■ TASK ■
When copying the data below, keep only the lines from the one with "31-Day Journaling Challenge" through the one with "Armadio rack 19″", word for word, and skip the pictures.

■ DATA SUPPLIED ■
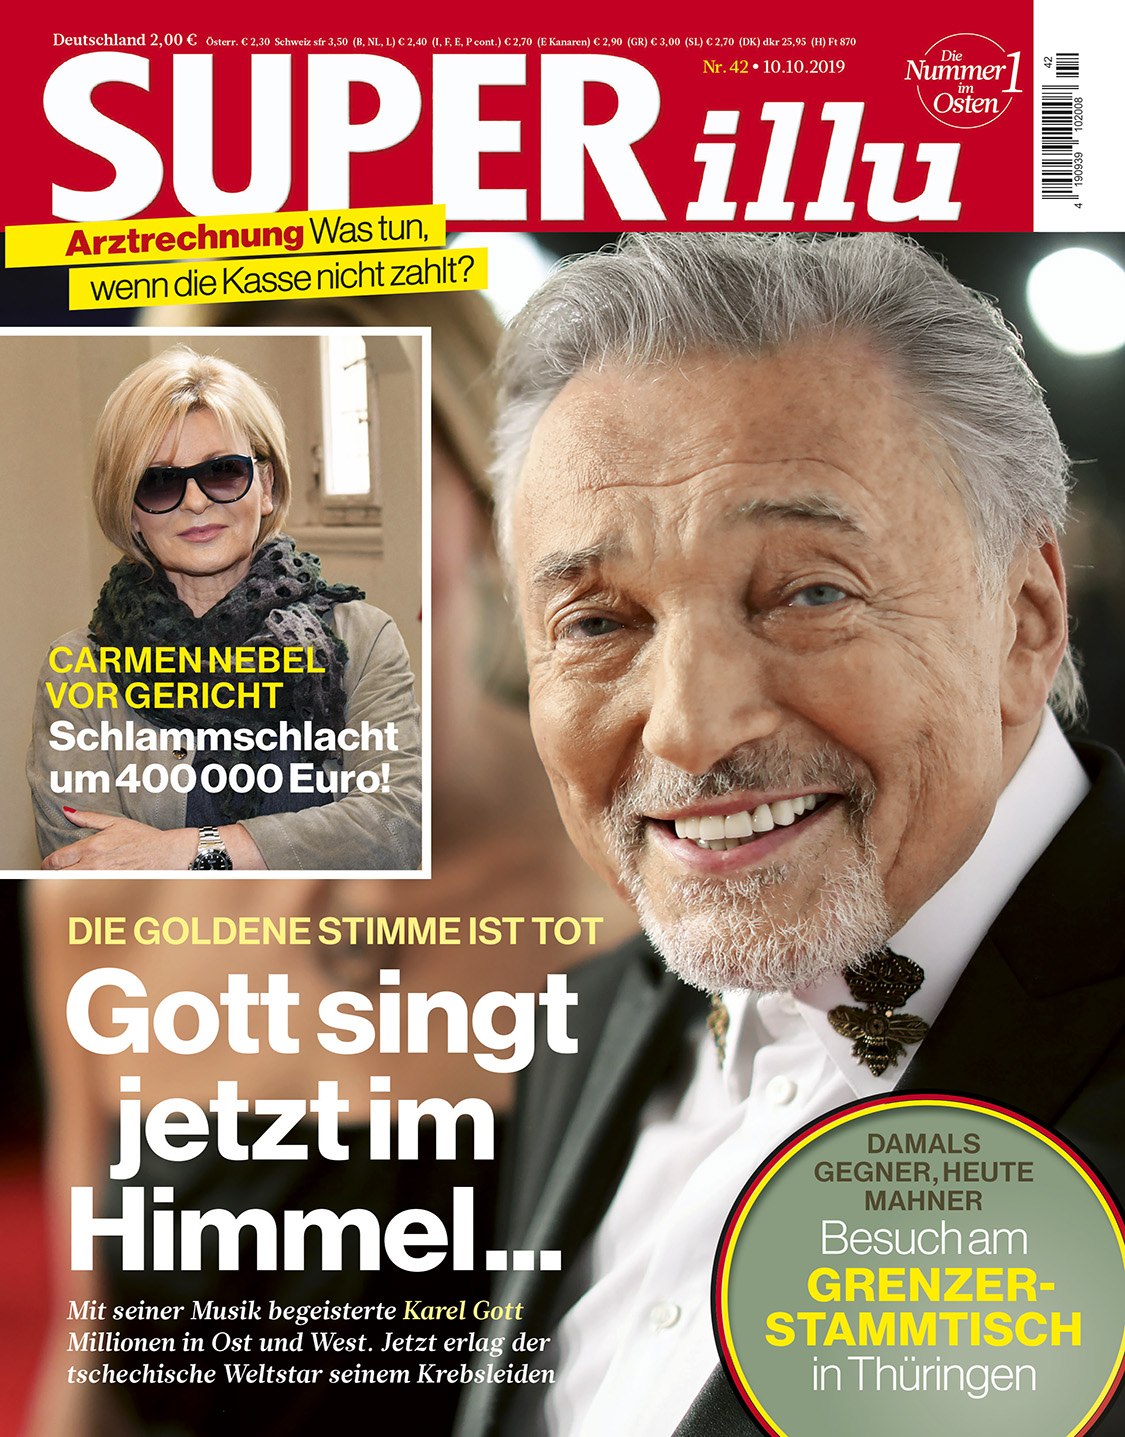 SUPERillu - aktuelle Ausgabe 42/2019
--
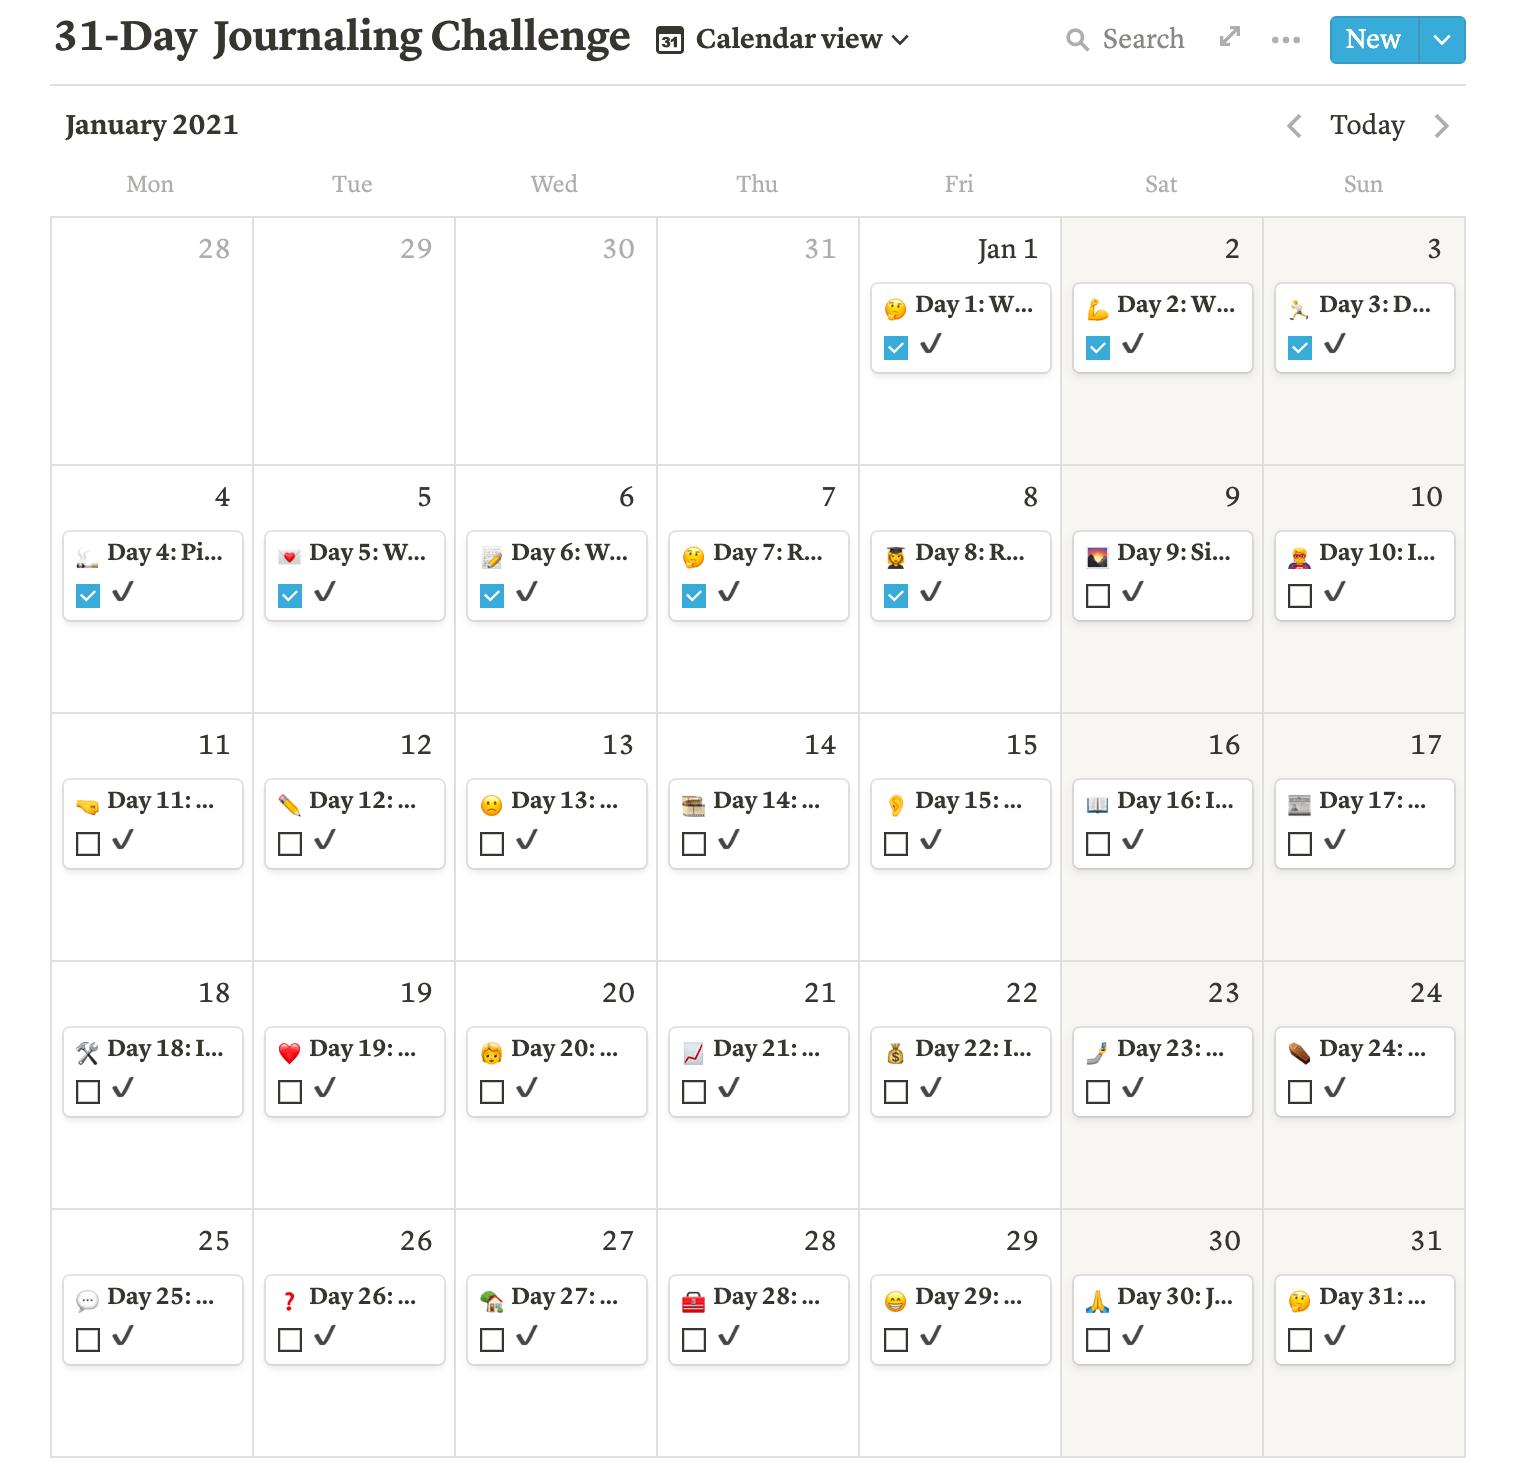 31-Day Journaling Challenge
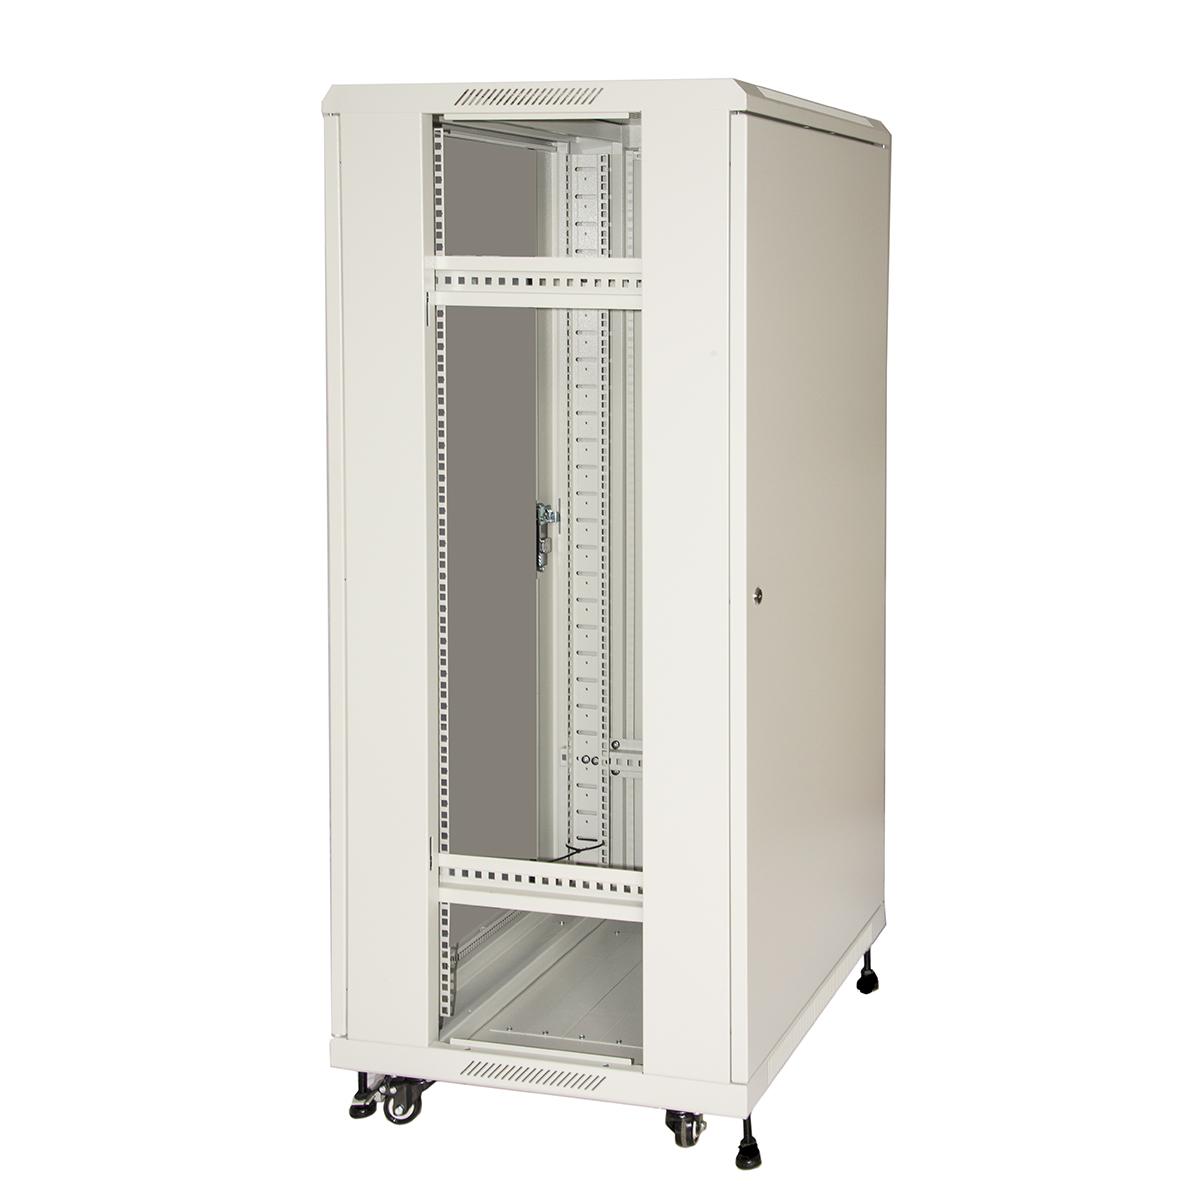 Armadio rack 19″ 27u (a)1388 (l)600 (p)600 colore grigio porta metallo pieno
...
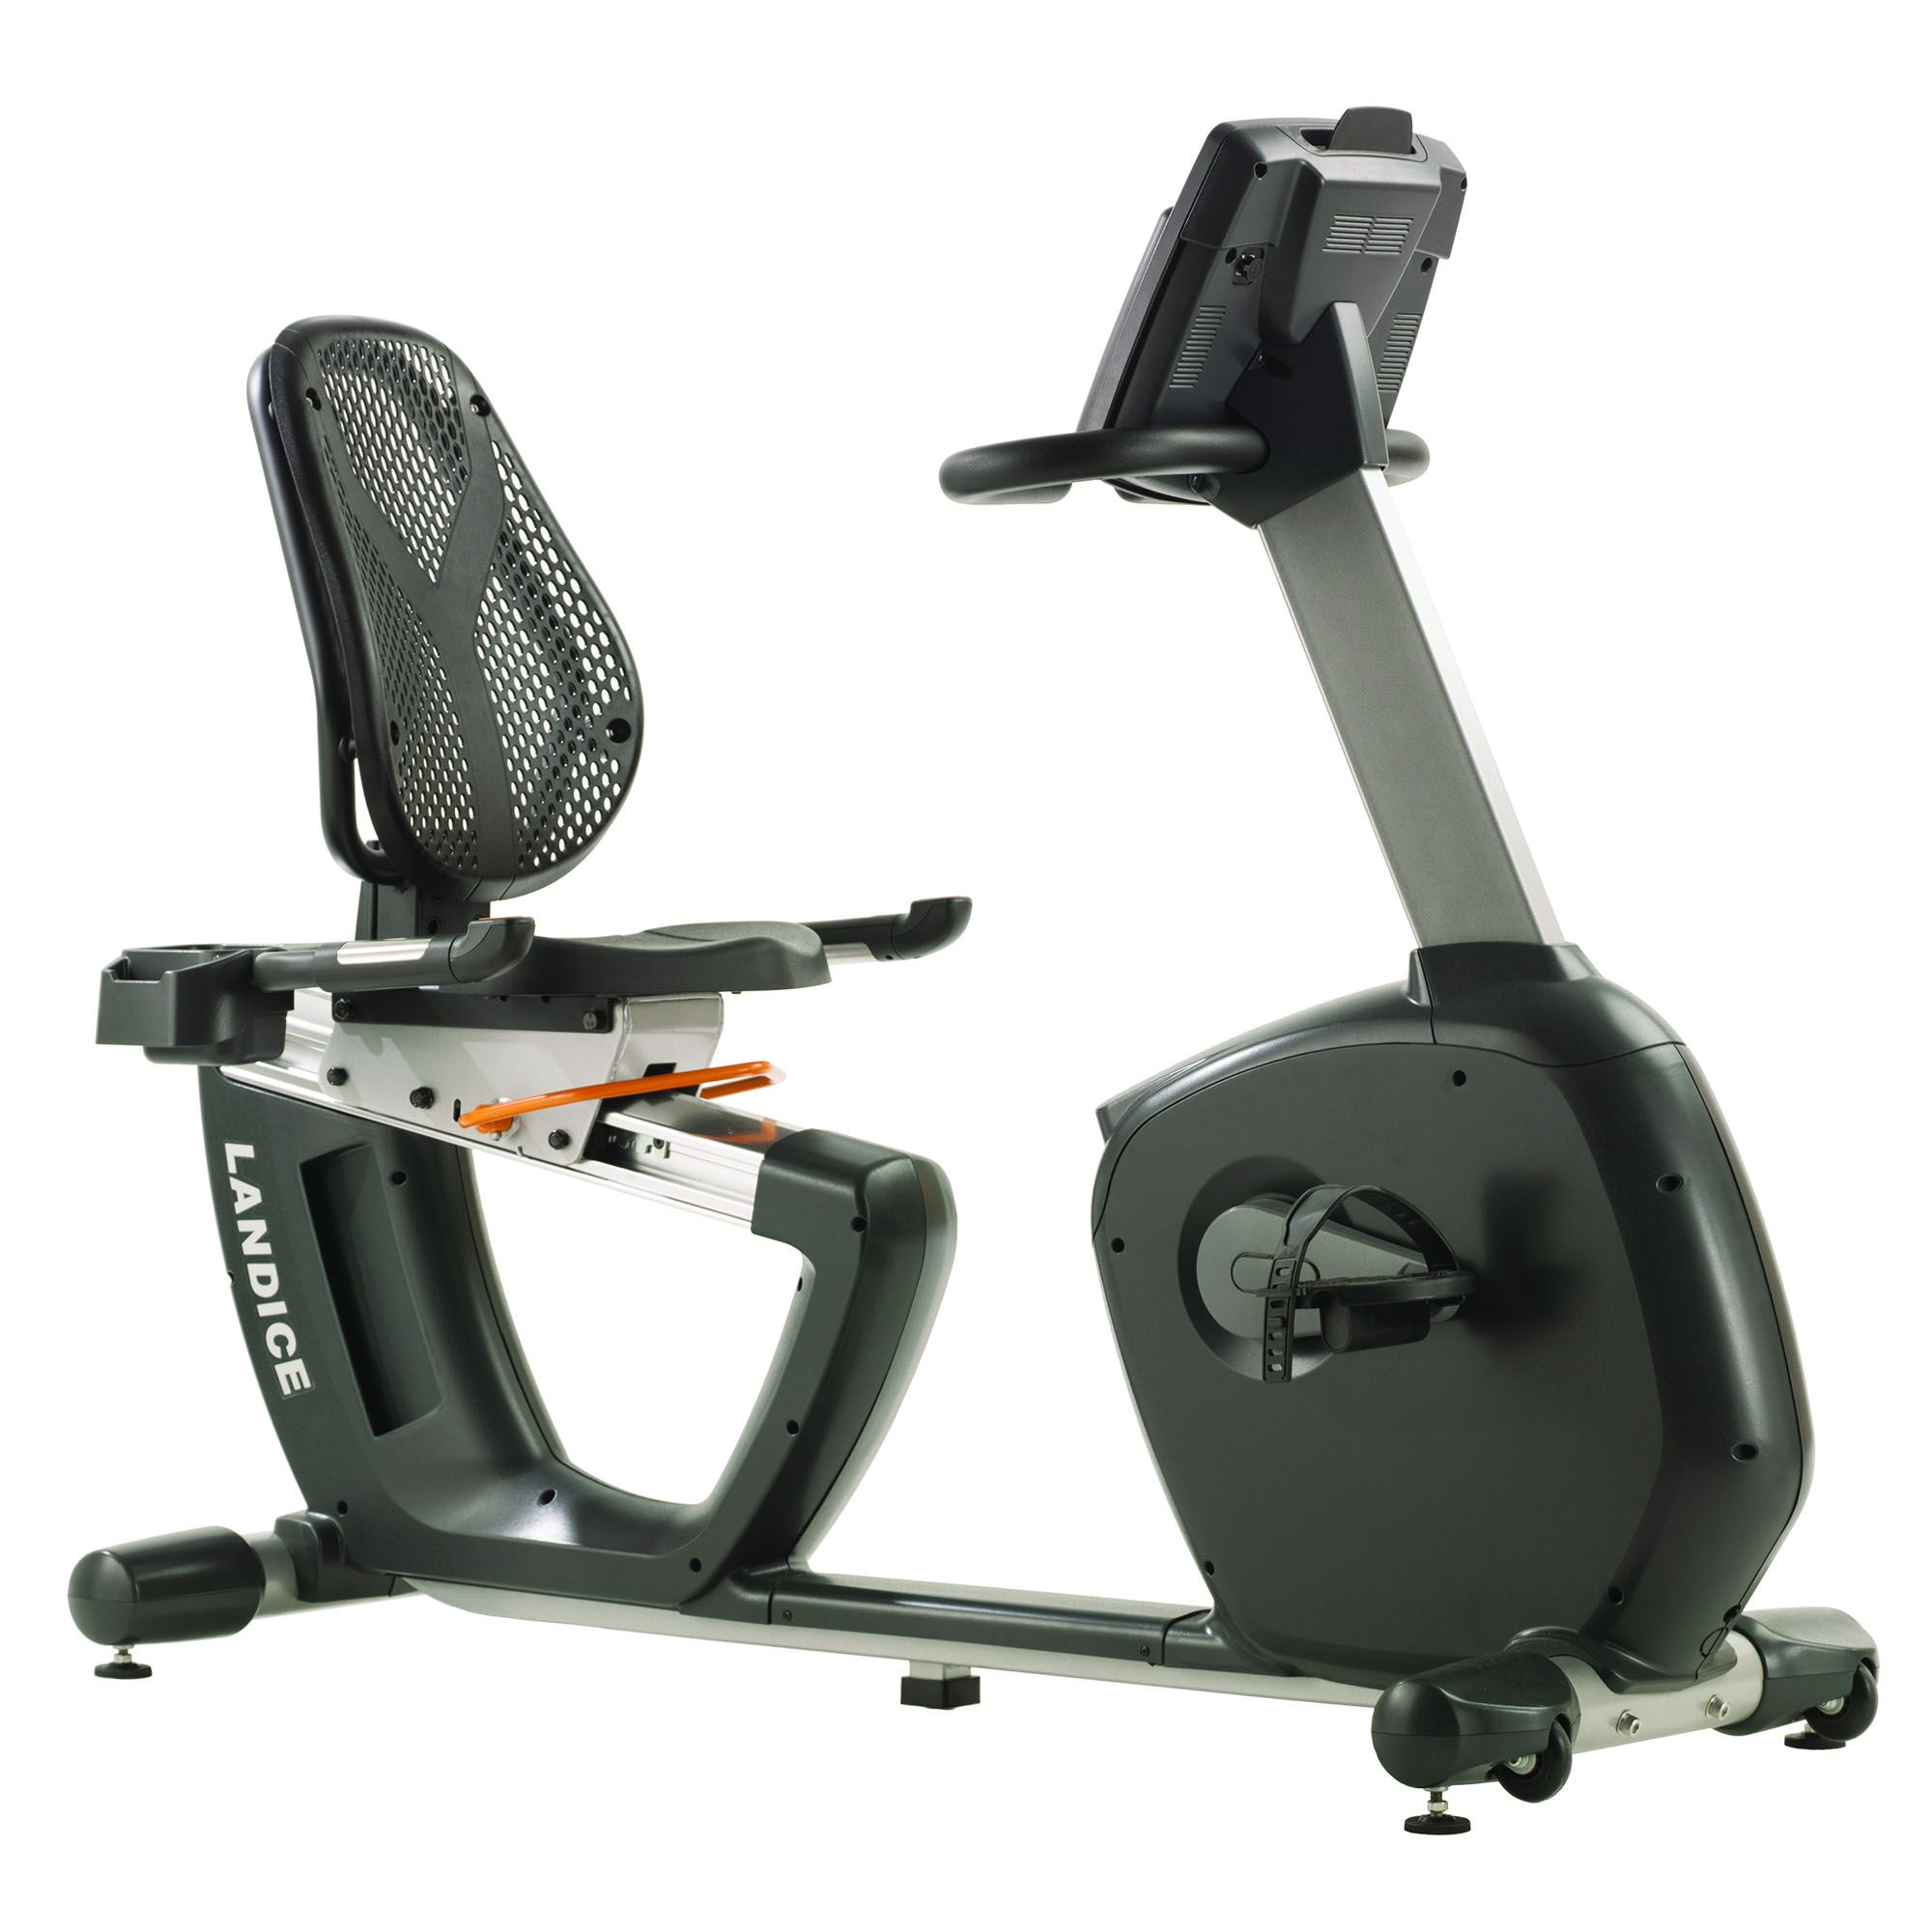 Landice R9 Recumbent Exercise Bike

■ REPLY TO THE TASK ■
 31-Day Journaling Challenge
 Armadio rack 19″ 27u (a)1388 (l)600 (p)600 colore grigio porta metallo pieno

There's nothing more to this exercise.